4-chloro-1-((5-chloro-1-(4,4,4-trifluorobutyl)-1H-indol-2yl)methyl)-3-(2,2,2-trifluoro Synthesis of Ethyl)-1H-Benzo[d]imidazol-2(3H)-one (P7)

Through a reaction scheme similar to compound P2 using intermediate 26-a and 7-chloro-1-(2,2,2-trifluoroethyl)-1H-benzo[d]imidazole-2(3H) - Ketone 20-d was used as starting material to prepare compound P7.
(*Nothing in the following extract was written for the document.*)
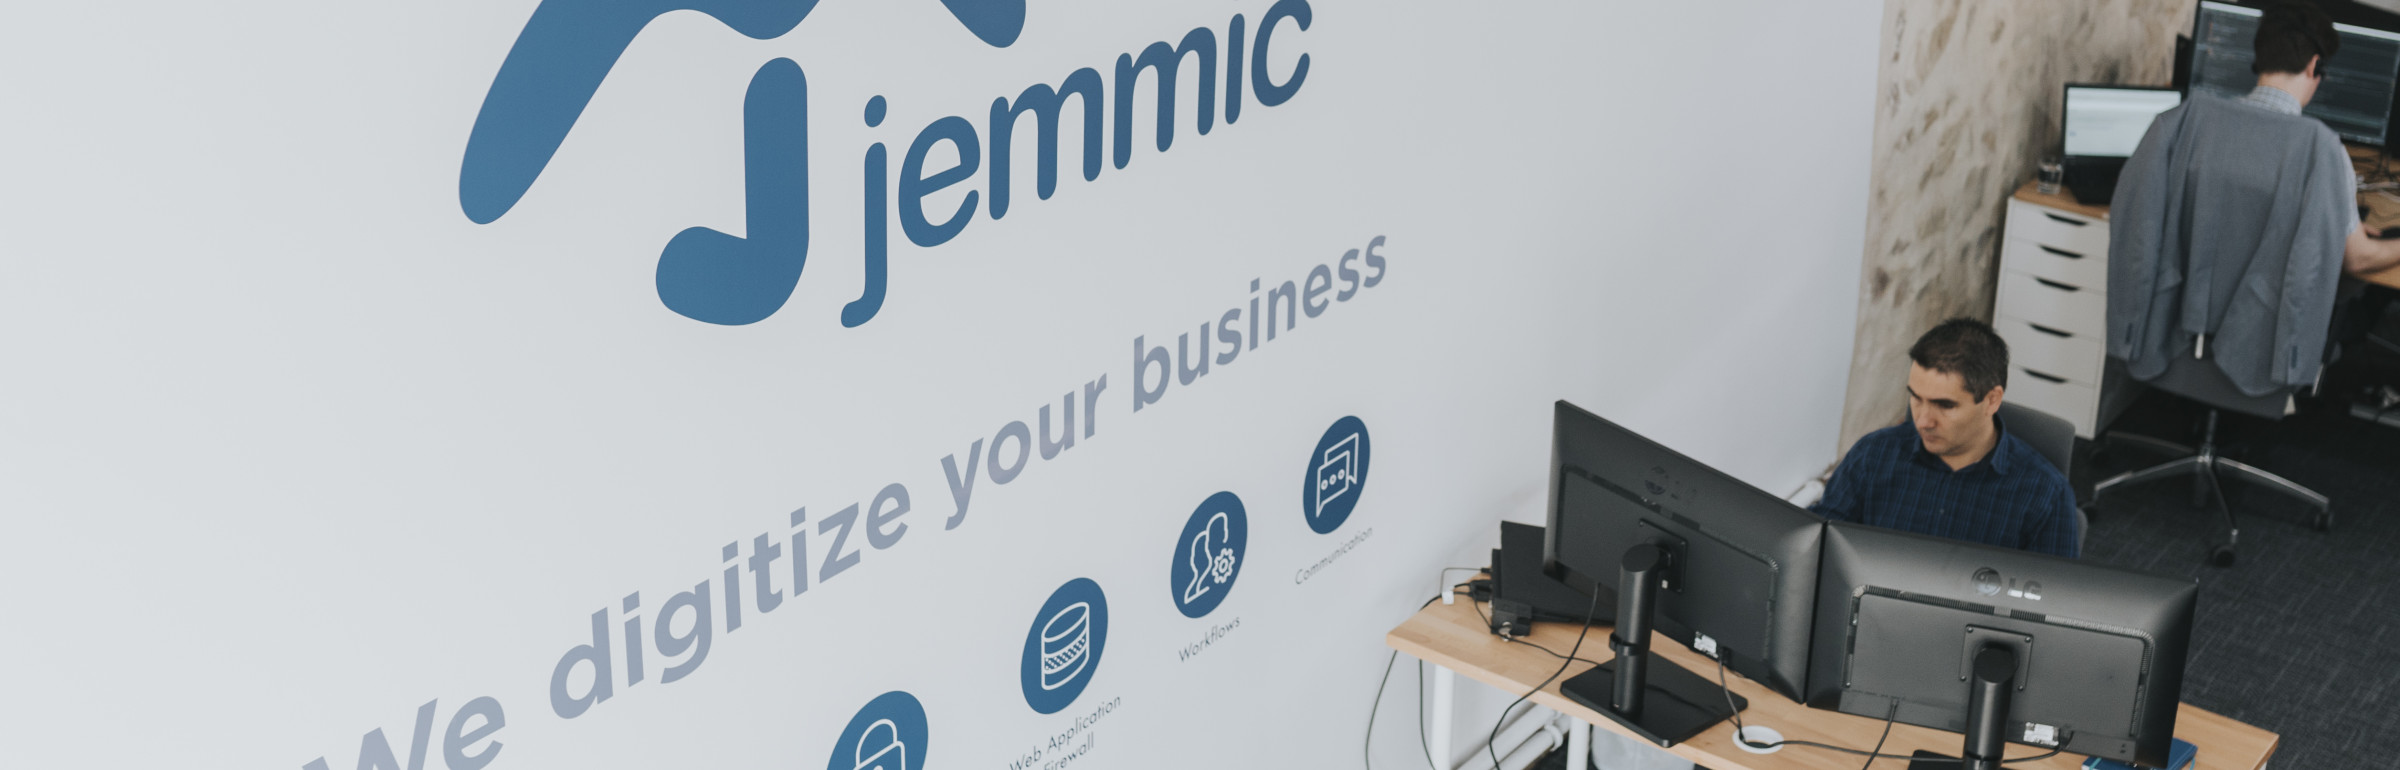 Banner Jemmic s.à r.l.

m/z=524(M+H) ⁺ (LCMS method 1)

¹ H NMR (400MHz, DMSO-d ₆ ) δppm 1.74(quin, J=7.87Hz, 2H) 2.12-2.38(m, 2H) 4.33(t, J=7.59Hz, 2H) 5.04(q, J=8.73Hz , 2H) 5.38 (s, 2H) 6.40 (s, 1H) 7.05-7.20 (m, 3H) 7.31 (dd, J = 7.70, 1.32Hz, 1H) 7.42-7.62 (m, 2H)

Example 8

3-((5-chloro-1-(3-(methylsulfonyl)propyl)-1H-indol-2-yl)methyl)-7-methyl-1-(2,2,2- Synthesis of Trifluoroethyl)-1H-imidazo[4,5-c]pyridin-2(3H)-one (P8)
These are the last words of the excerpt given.